Learnings

1.Creating a conceptual model to illustrate our thinking process

When we first started creating the draft of our survey, we had listed questions out the way that they seemed to make sense for our survey-takers. However, we realized later that a conceptual model would help us identify how different sections of our survey tied in with one another.

2. Using self-created concepts to test hypothesized relationships

We hypothesized parallels in behavior between credit-card users and student loan takers. Both involved taking out a certain amount of money beforehand, and paying it back in monthly repayments. As such, we drafted concepts to test if specific credit card usage incentives would help people pay back their student loans on time, and accelerate the rate at which they did.

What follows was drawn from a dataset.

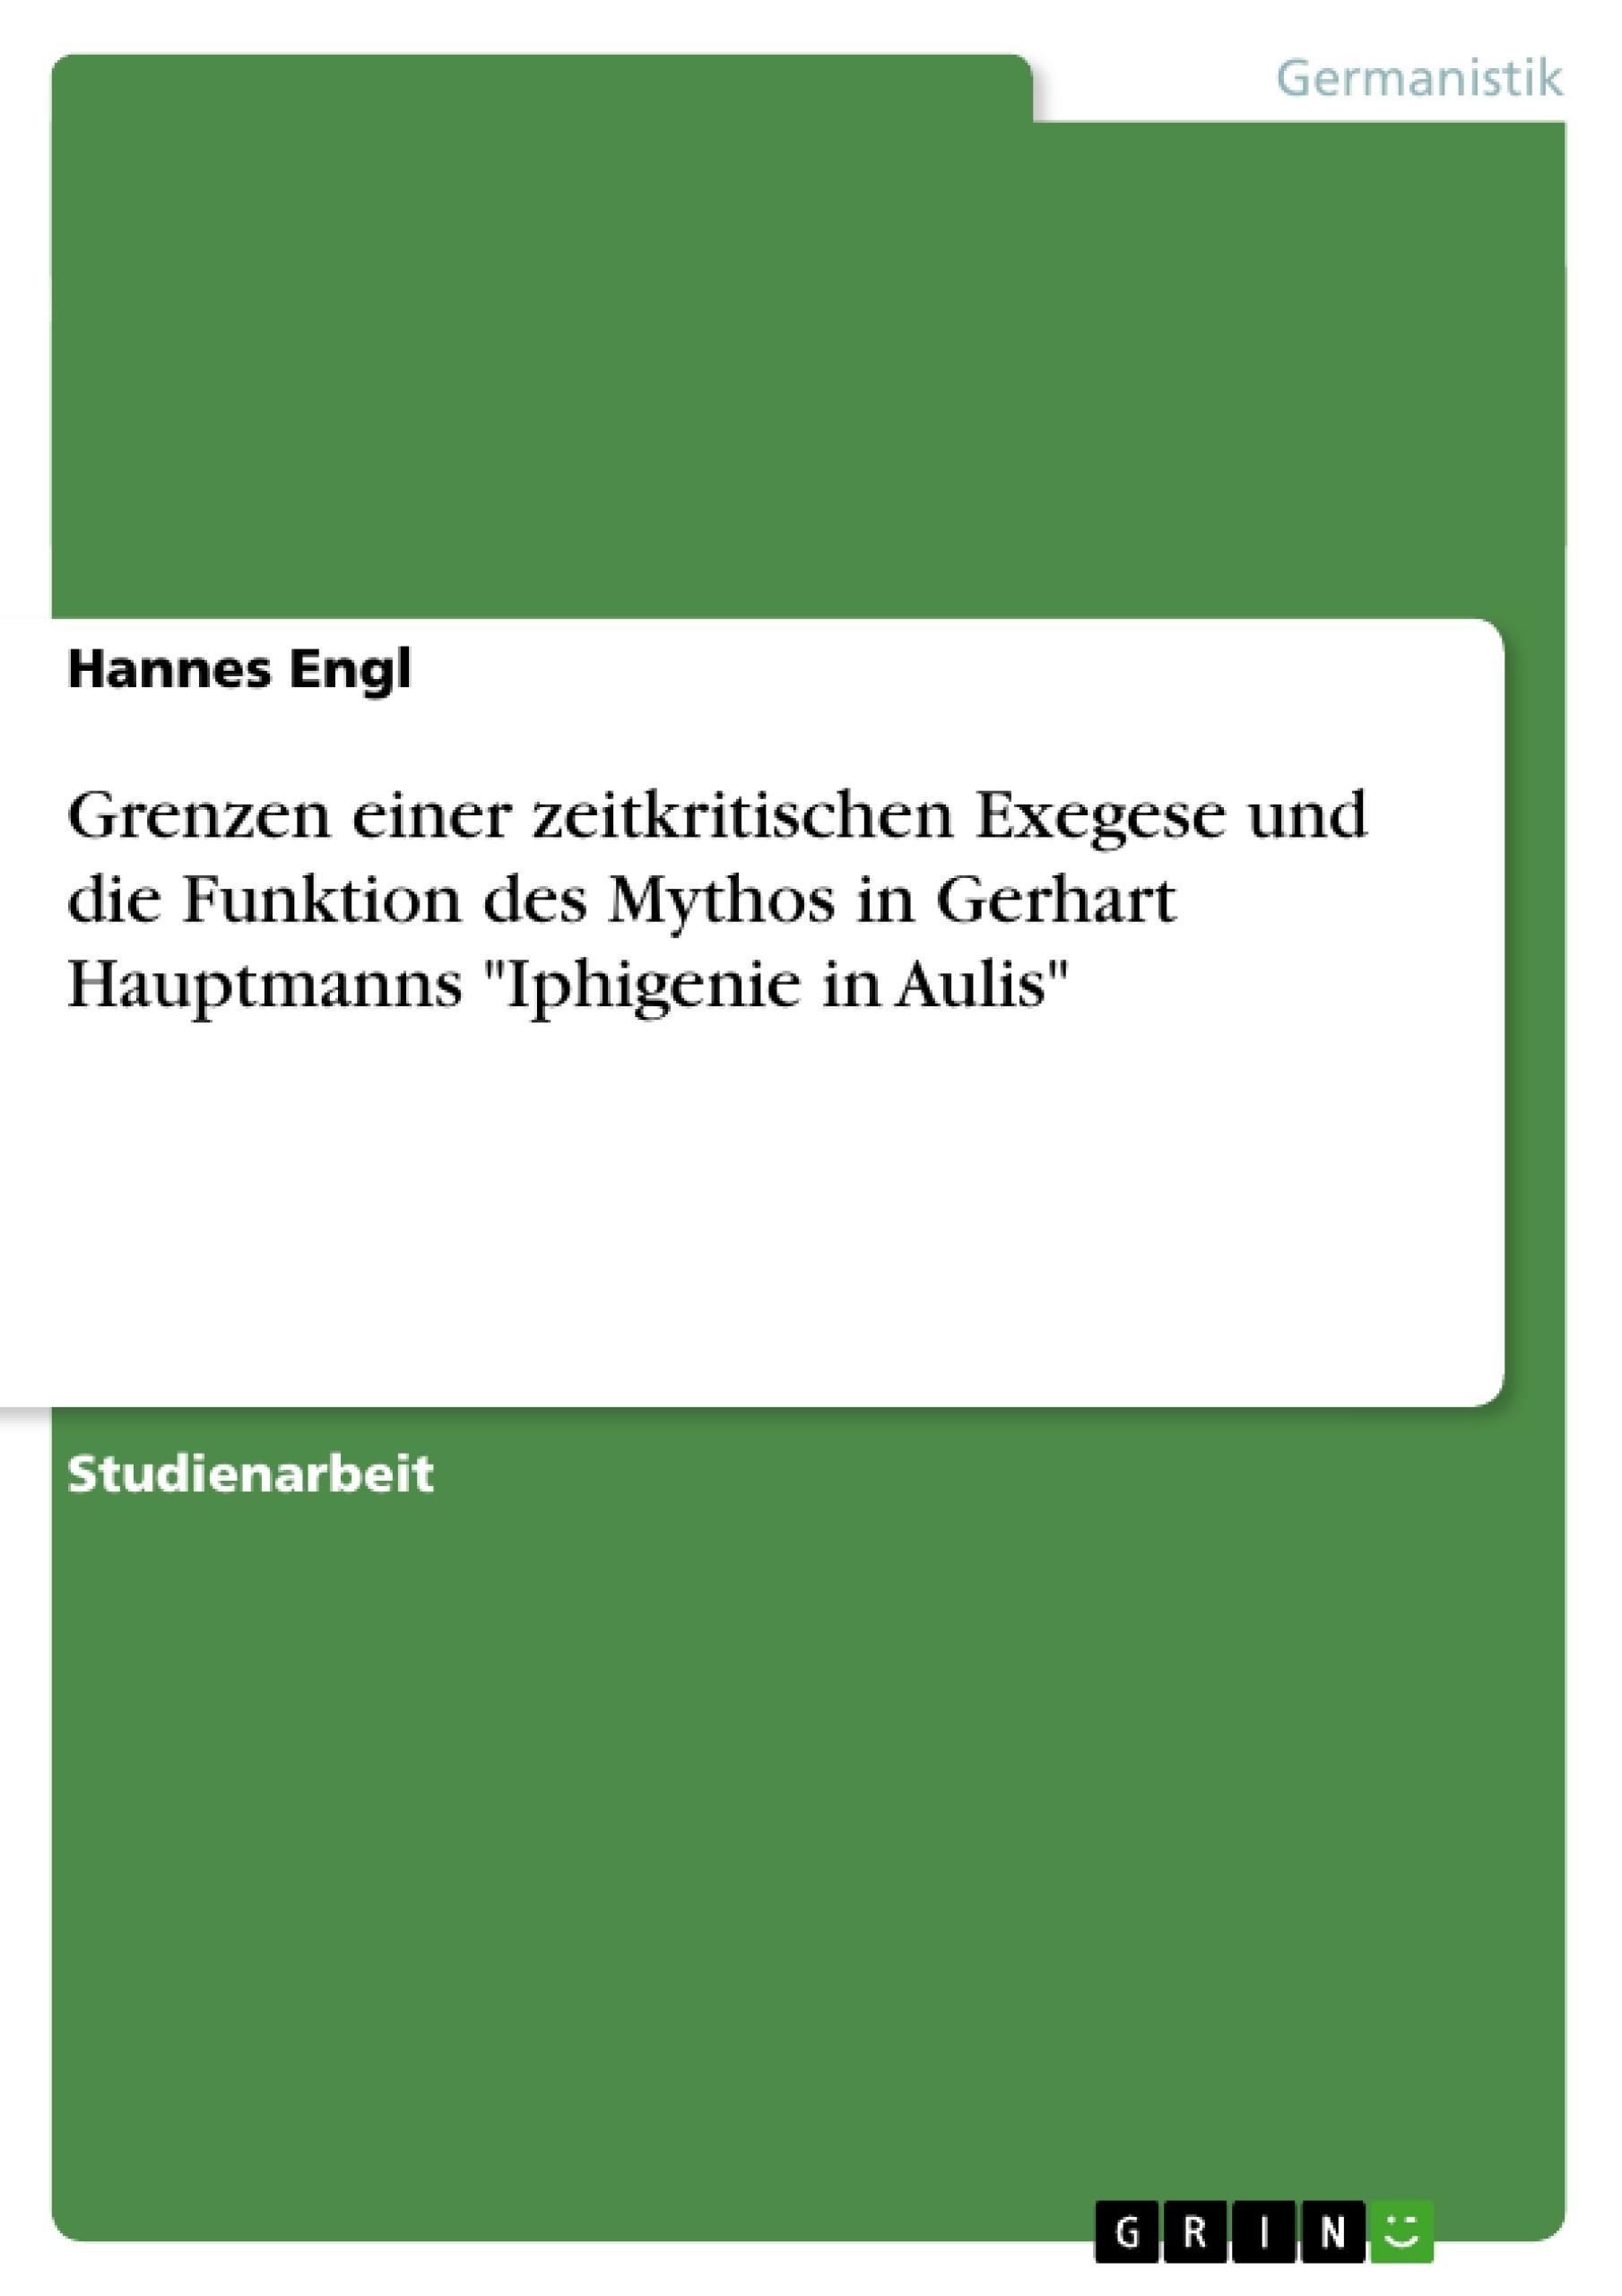 """Titel: Grenzen einer zeitkritischen Exegese und die Funktion des Mythos in Gerhart Hauptmanns """"Iphigenie in Aulis"""""""

3. Learning to scope our survey down to dial up clarity in insights

Initially, we thought of opening this survey up for anyone who had taken student loans, across different educational levels and stages of loan repayment. While this would allow for more survey takers, we later decided to scope it down to: only individuals who took undergraduate student loans, and that they had to be actively paying back their loans. This created a basis of which we would be able to analyze the insights without too many differences in the individuals' life stages or loan repayment status.


4. To design a strong survey, step into the mental model of the survey-taker
It may seem deceptively easy to create a sequence of questions for the survey-taker. However, designing our survey required a surprising number of iterations, especially when it came to trying to understand people's credit card usage without biasing them with our existing preconceptions on how they correlated with student loan repayment habits.